12 September 2007

less carbon, more oxygen please

chalk it up to my inexperience, but as i am in the room with the pt attempting to get a urine sample for drug screen, i was much too distracted to look at his nose to see if the nc was correctly in place. story goes like this....


patient has arrived back to his room from getting an eeg. nurse goes into room to reconnect the telemetry after being informed said pt is back. ask pt to pull shirt up over his head so that said electrodes can be reapplied to chest. pt complies. good, he follows commands. tele is intact. knowing that i need to get a urine sample...
..........
-nurse: do you have to pee?
-pt: yes.
-nurse: ok. i need you to pee in this little cup. do you think you can do that?
-pt: yes. yes, i need to pee. i need to pee.
nurse hands pt the little cup, expecting pt to comply and pee.
pt fiddles with cup, then holds it in his hand to side of bed, over the edge.

-pt: i need to put this right here.
pt fiddles with cup some more. nurse takes cup away from pt.
-nurse: if you have to pee, you can pee in the urinal. i will pour it into the cup. can you do that?
-pt: yes, need to pee. hand me my piss bucket.
nurse complies and hands the pt the urinal.
-pt: i have to pee. this is very important for something, but i am not sure what. (pt holds urinal in hand at end of extended arm for me to see.)
-nurse: yes, you need to pee in it.
-pt: no it has another function. i know it does. [sighs] i can't think of it at the moment.
nurse, expecting him to urinate at any moment in time, stares at pt who begins to grab the top that goes on the urinal and takes it off of the handle.
-pt: this is it, i have to get this just right.
pt begins to take the top of the urinal and put it on the handle, twist it around so that it comes back off of the handle. over. and over. and over. for at least 5 good minutes.
nurse attempts to grab urinal.

-pt snatches urinal and exlaims: this is important!
-nurse: let me have the urinal.
-pt: no, let me finish. i have to get it right.
pt once again begins fidgeting with the lid to the urinal, doing exactly the same things as before.
-nurse: give. me. the. urinal.
..........
at this point in time, i am ready to throw the damn thing across the room.
pt complies and hands me the urinal with the look of a 2 year old whose mom just took away his cookies.
-exasperated, nurse: i will just come back later for this.
pt pulls on his shirt.
-pt: i know there is something important to do with my shirt.
-nurse: no, we already put the monitor back on. put your shirt back down.
..........
i step out of the room and ask cna if she can obtain urine specimen. please????
i sit down to chart, thinking 'this pt did not act like this before he went for his eeg.' i wonder what in the world they did to him in there... and then like some epiphany in my head, i immediately hop right out of the chair and hurry back to room.
observe cna having same difficulty with pt.
this time however, i look directly at pt and see that he does not have his oxygen on. instead, it is tossed to the side on his pillow.
..........
UGH.
immediately get oxygen back on, attempt pulse ox. pt will not comply and begins to yank on finger probe, saying it has to be on another finger, not that finger, and so i firmly hold his arm to keep it still waiting for sat to show up. sat bleeps on for 2 secs.. sat is 84%. ask another cna to please go get me a peds sticky finger probe asap. crank oxygen up to 4L. wait for cna.
ask other cna to call rt for breathing tx. other cna comes back with finger probe. sats are now 94% on 4L. rt comes in, i ask her to turn oxygen to 3L.. we wait. sats stay steady at 94%, so i ask her to cut it down to 2L. again, sats stay steady. i tell her to go ahead and do the tx and then we will see where he is.
after tx, pt is alert but confused, his baseline. doesn't recall episode. sats are still steady. pt is stablized and moved closer to nurse's station.

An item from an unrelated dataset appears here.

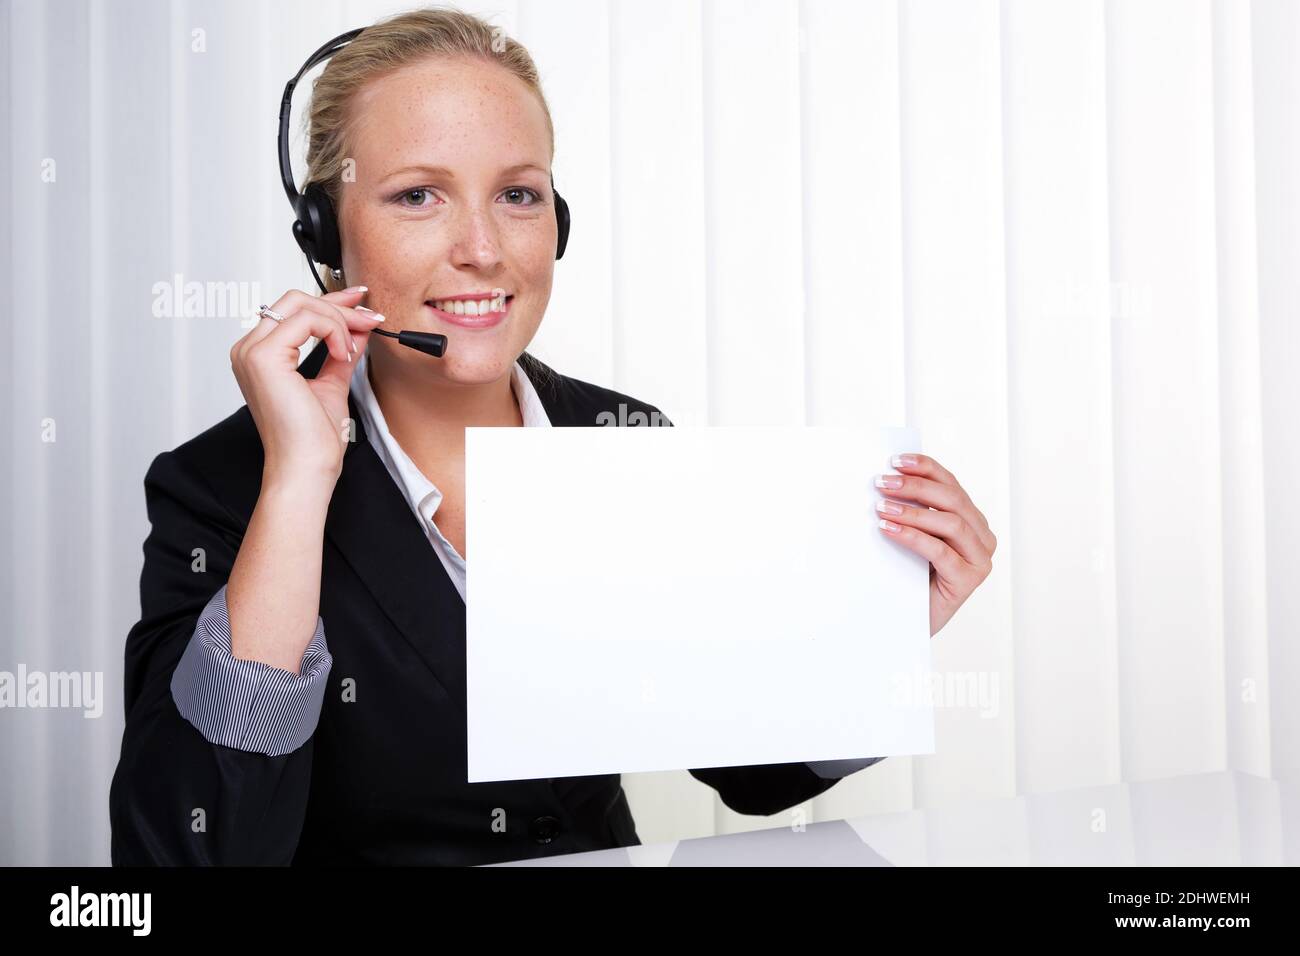 Eine freundliche junge Frau mit Headset im Kundendienst telefoniert mit einem Kunden. Freundliche Hotline Mitarbeiterin. Stock Photo

and my eyes on that o2 tubing the rest of the shift.

1 comment:

Denise said...

Going back in time to the dark ages of 1991, I had been fighting a respiratory infection for two weeks. I'd get better and try to go back to work, then relapse. On SuperBowl Sunday (after the game, of course) I agreed to go to the hospital. The told me I had a severe case of pneumonia and put me on oxygen. I don't know what level it was set on, but a short while later I stopped breathing altogether. My doctor said my brain got the message there was plenty of oxygen in my system so it didn't tell my lungs to work. I came out of it 36 hours later, and will be on oxygen for the rest of my life. It really is a tricky substance to deal with.